Art Institute of Chicago presents an exhibition of work by Steve McQueen, on view October 21, 2012 – January 6, 2013.


Steve McQueen. Current, 1999. Photo courtesy of the artist, Marian Goodman Gallery, New York /Paris, and Thomas Dane Gallery, London

Steve McQueen is an internationally acclaimed artist whose work is primarily engaged with moving images. Born in London in 1969, he has, over the last twenty years, made a series of film and video installations designed for gallery-based presentation, along with two feature films made for cinematic release. His efforts in these two distinct, but interrelated, arenas have earned him a reputation as one of the most important and influential artists of his generation working with these media, and beyond. McQueen’s earliest works are silent, and mostly black-and-white, often with a focus on the body, very often the artist’s own. Subsequent pieces incorporate, as a general rule, sound and color, and often emerge from more elaborate investigations.

McQueen has been equally concerned with the act of recording moving images as he is with the specific conditions in which these images are presented. The size of the screen, the dimensions of the room, and the relationship between the viewer and the projection itself are all fundamental considerations. McQueen’s thinking about formal and spatial relationships in this regard lends a sculptural element to his art. One work in particular, Queen and Country (2007–09), is an entirely sculptural installation with no moving image or sound component.

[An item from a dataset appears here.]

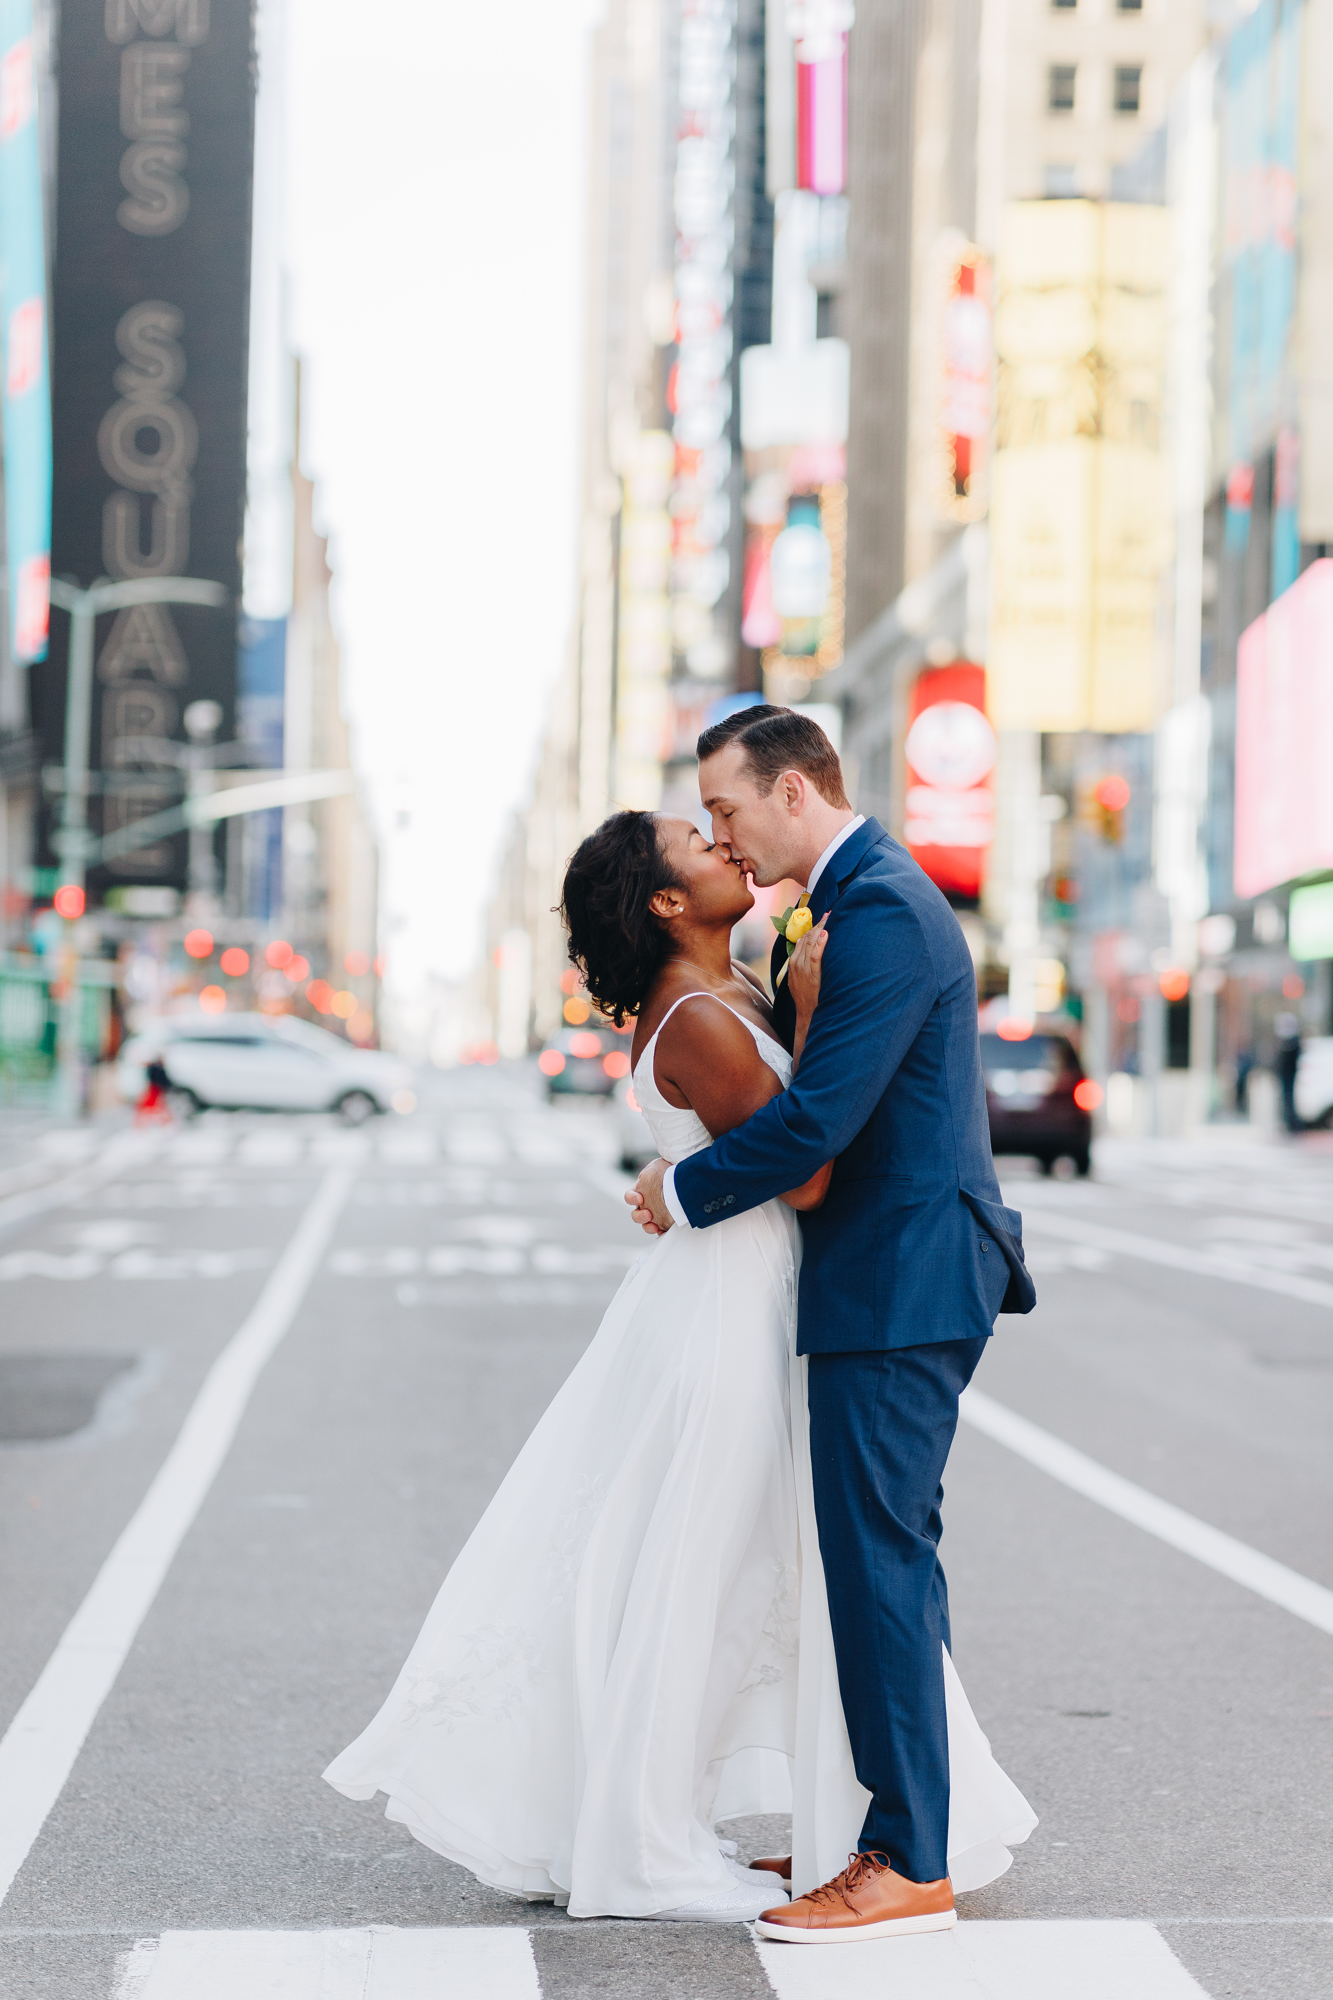 Inspirational Times Square Wedding Photos in New York

Presented here for the first time outside of the United Kingdom, the work is a memorial to British men and women killed in military service during the most recent war in Iraq.

Most of McQueen’s oeuvre—including his gallery-based installations as well as feature films—evidences a potent, at times oblique, political consciousness. Many works address specific social and historical moments in ways that seemingly emerge from documentary or journalistic impulses. Other films are more abstract, their meanings shaped by allegory or metaphor. McQueen always communicates directly to viewers through what one writer termed “the medium of aesthetic affect.”